WORK TO COMPLETE:
Without including any pictures, give back all of the data exactly.

GIVEN MATERIAL:
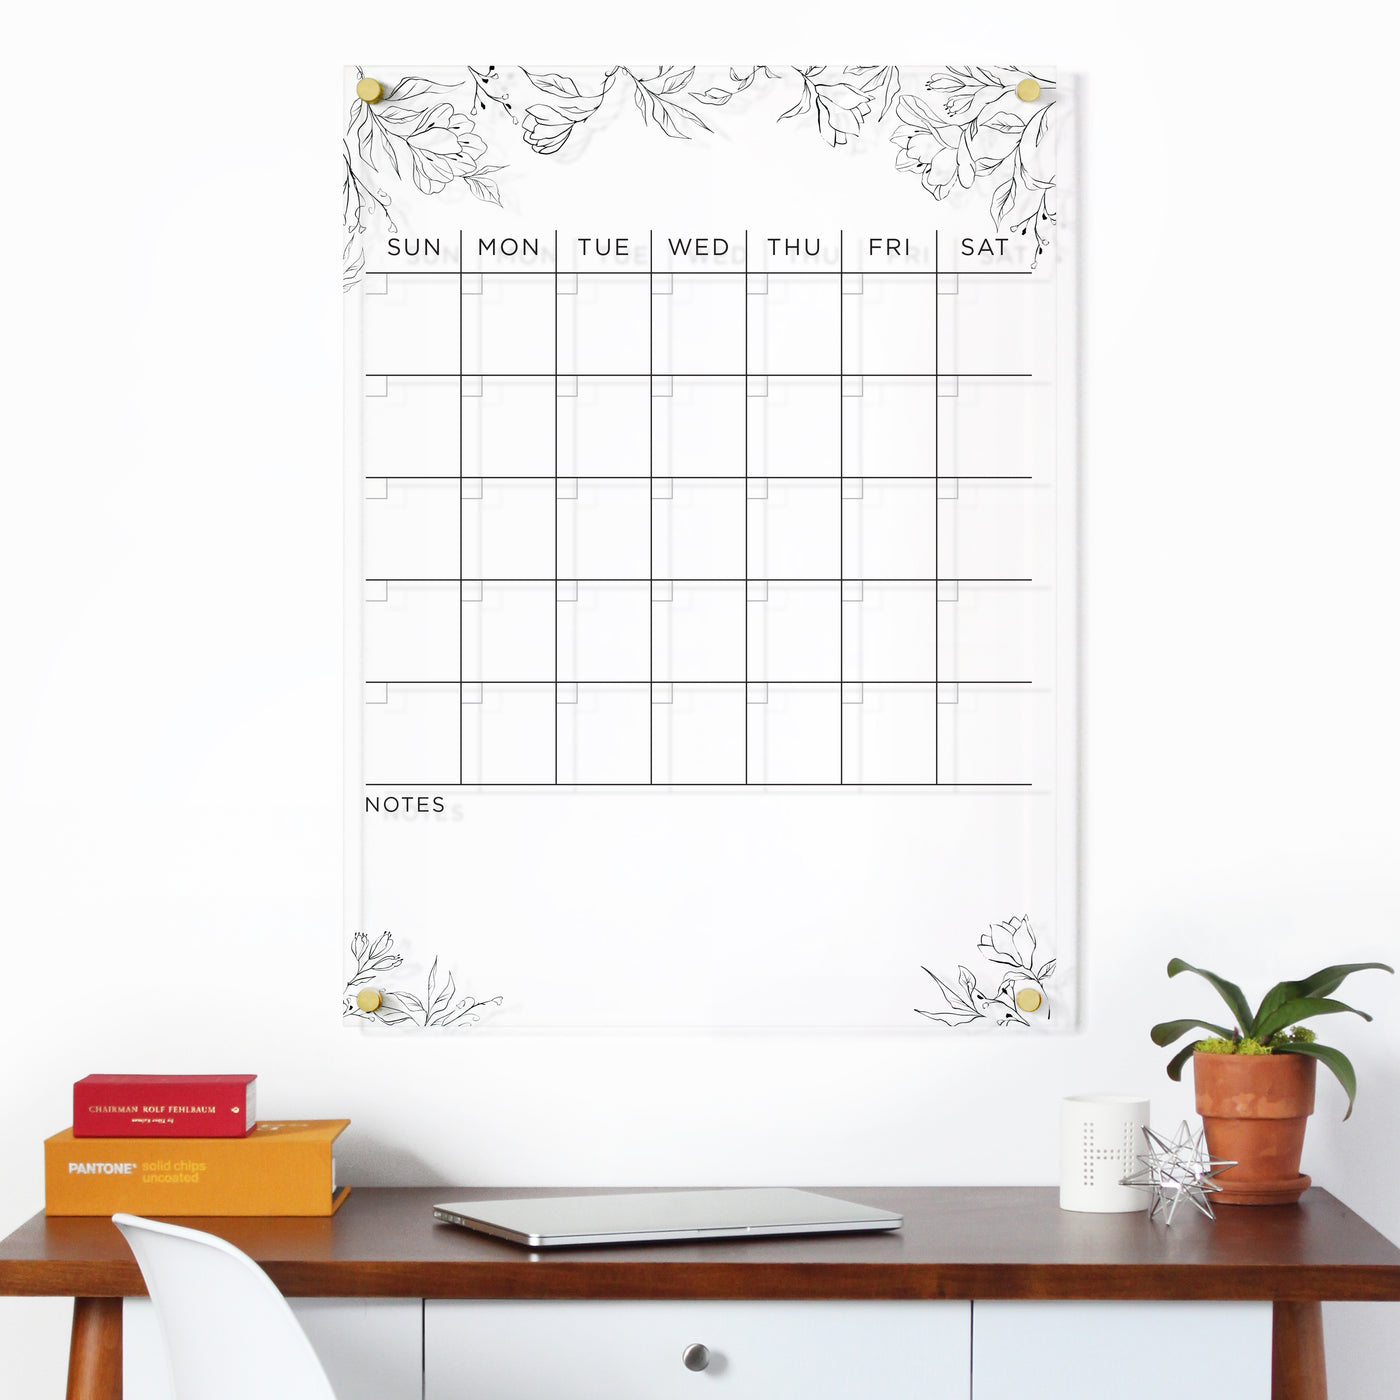 Acrylic Calendar with floral design
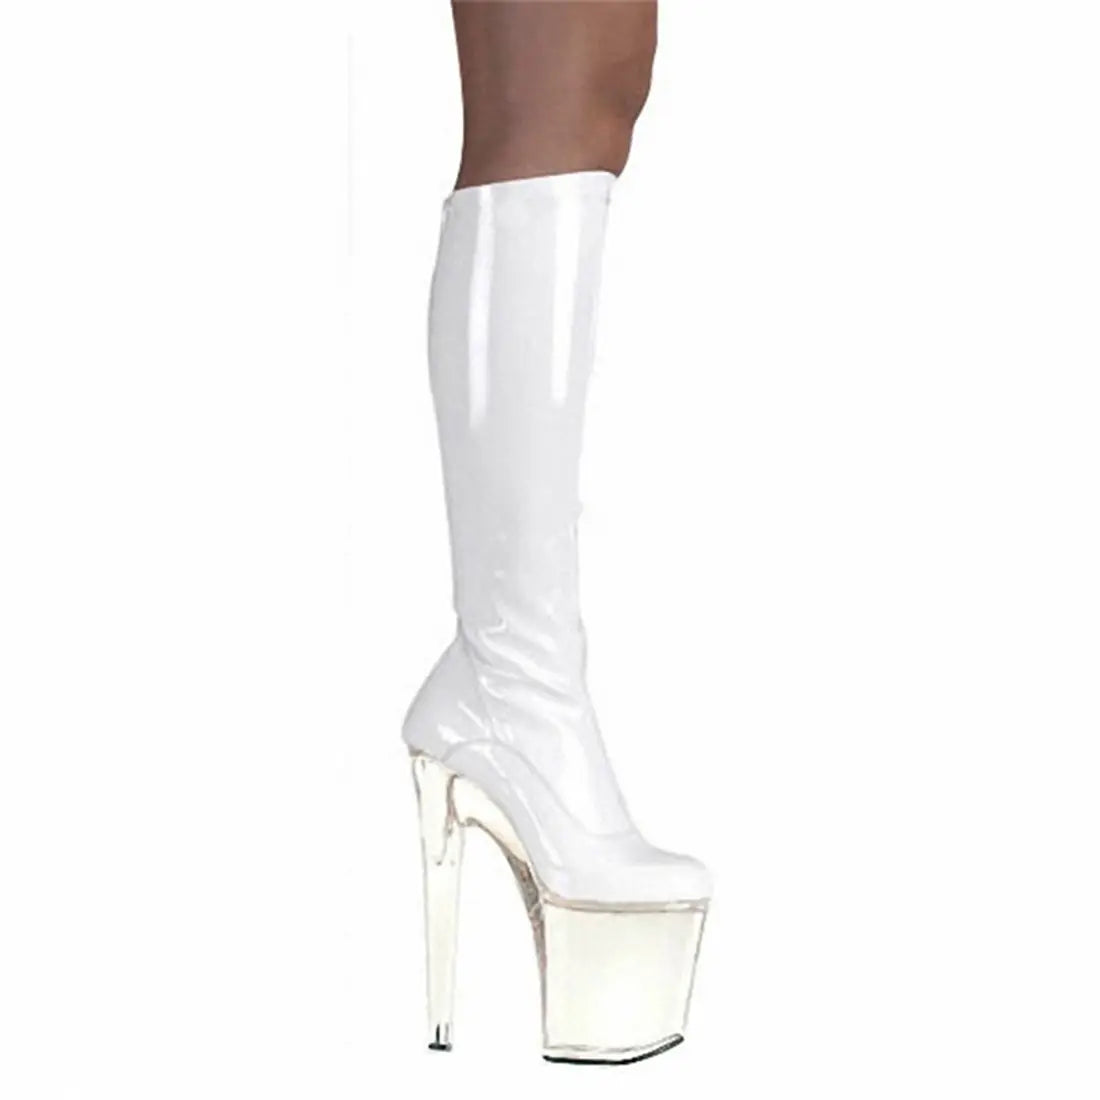 20cm Stiletto High Heel Drag Queen Boots Black Patent
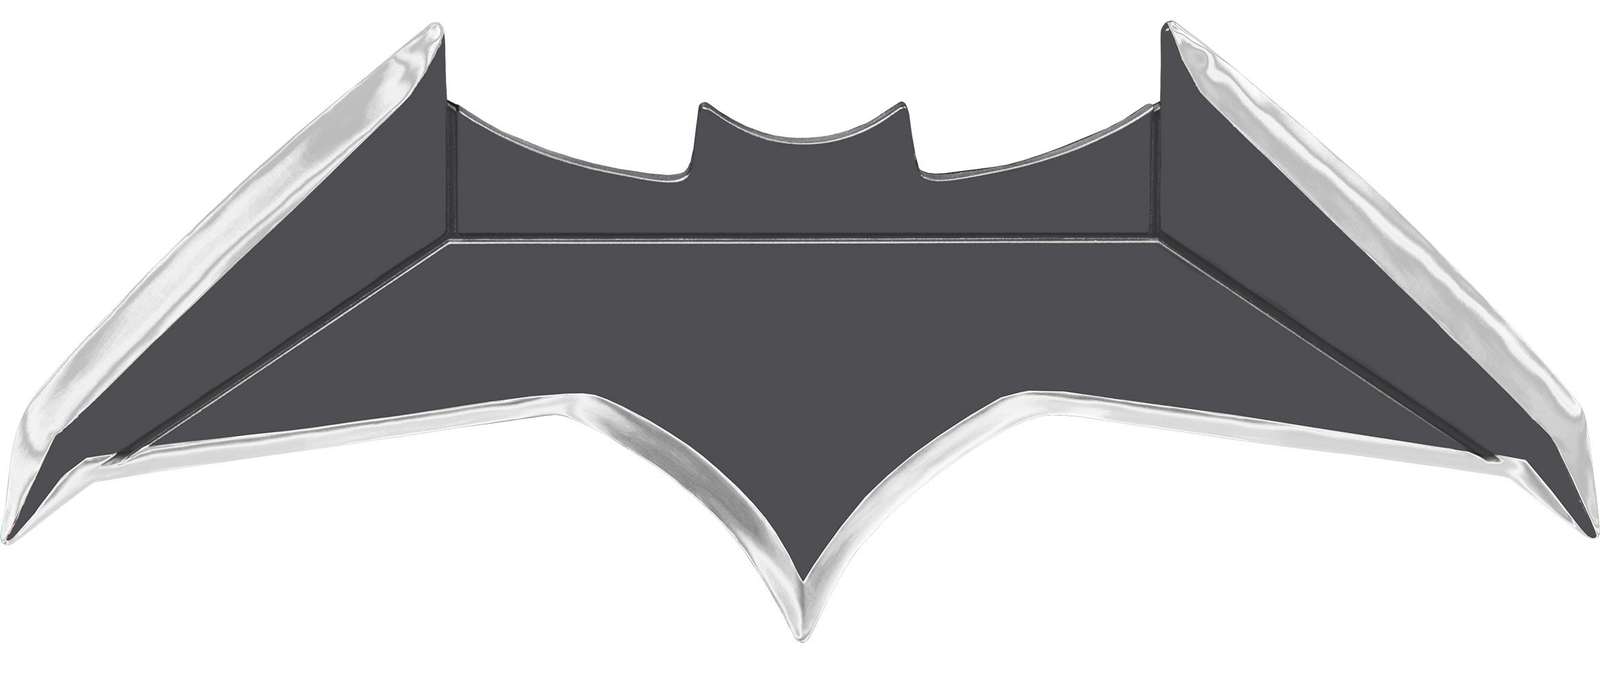 Batarang puzzle online ze zdjęcia
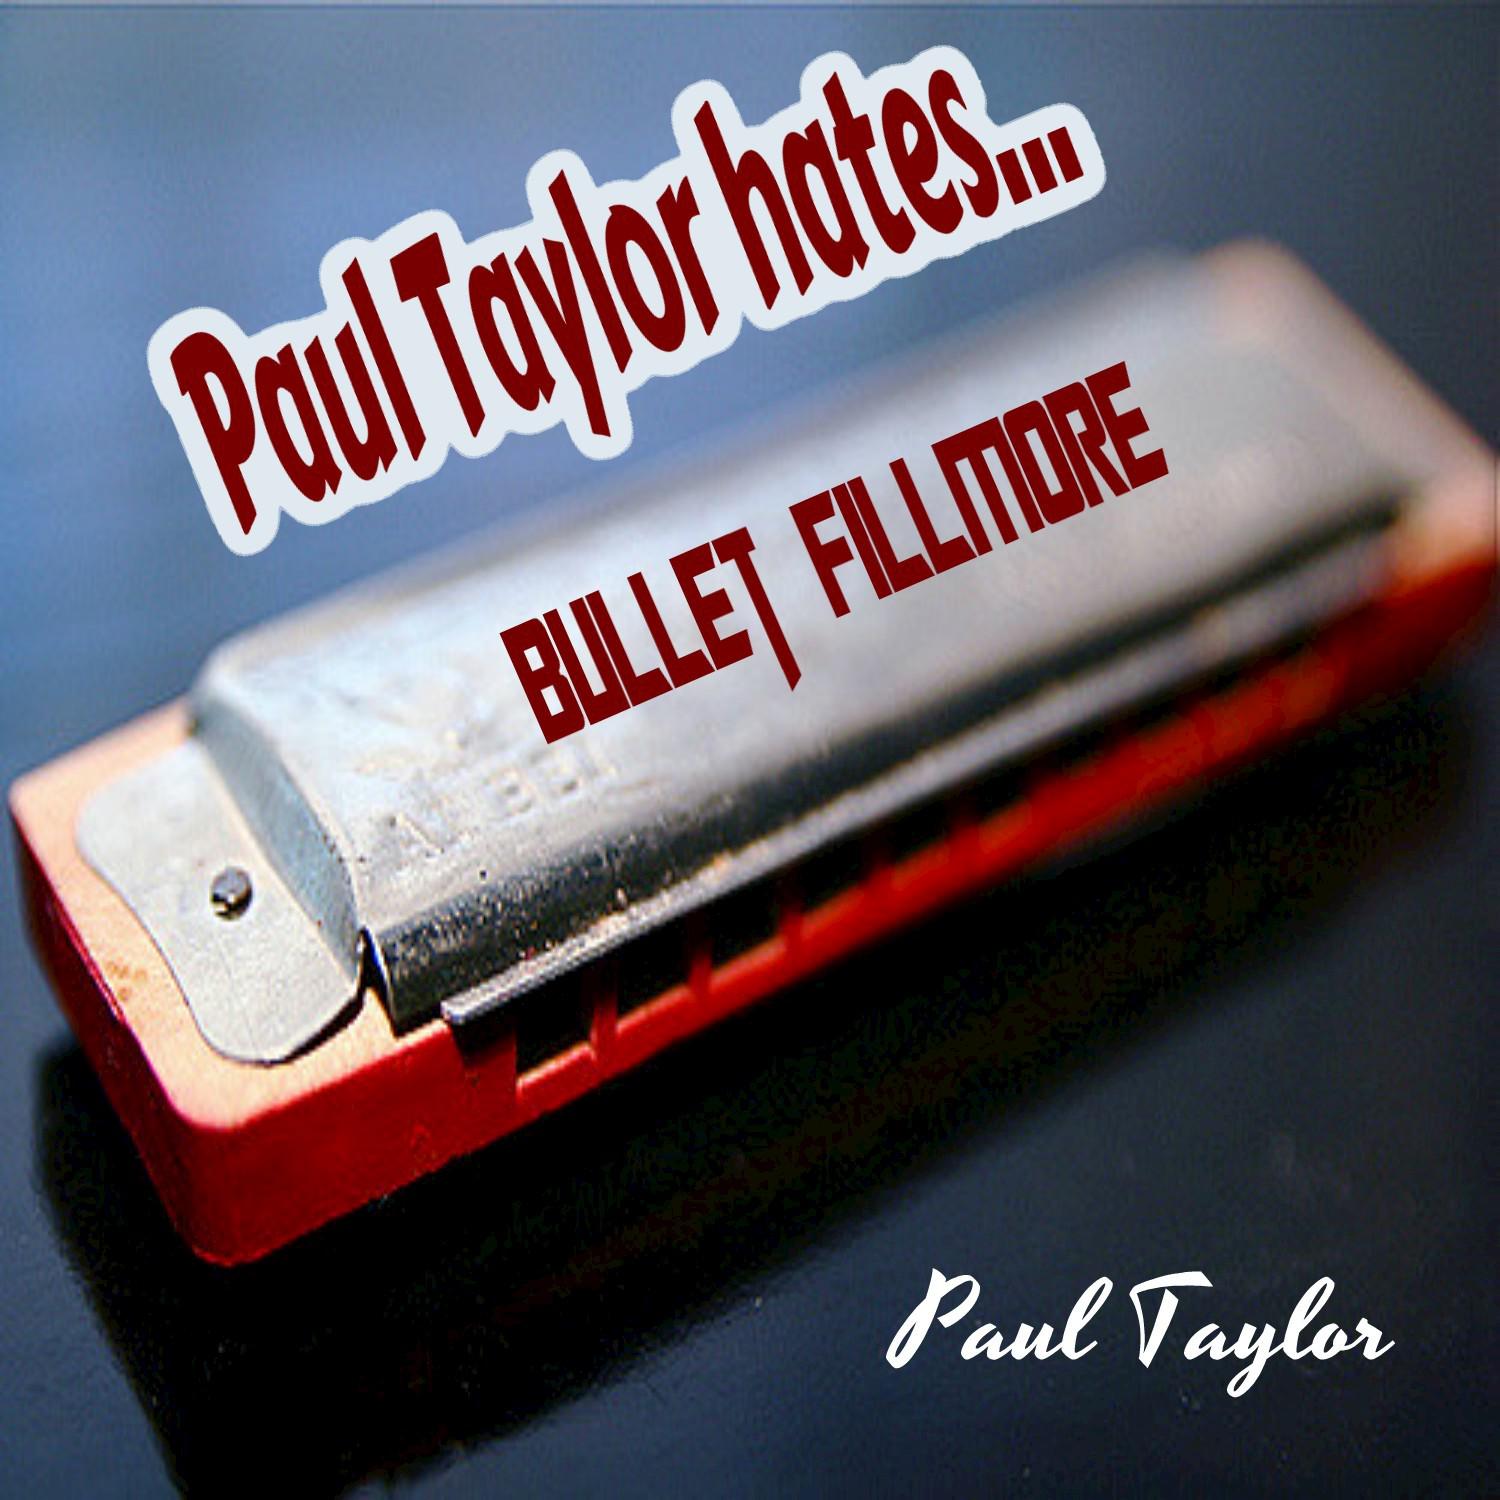 Paul Taylor Hates Bullet Fillmore专辑

ANSWER BOX:
 Acrylic Calendar with floral design
 20cm Stiletto High Heel Drag Queen Boots Black Patent
 Batarang puzzle online ze zdjęcia
 Paul Taylor Hates Bullet Fillmore专辑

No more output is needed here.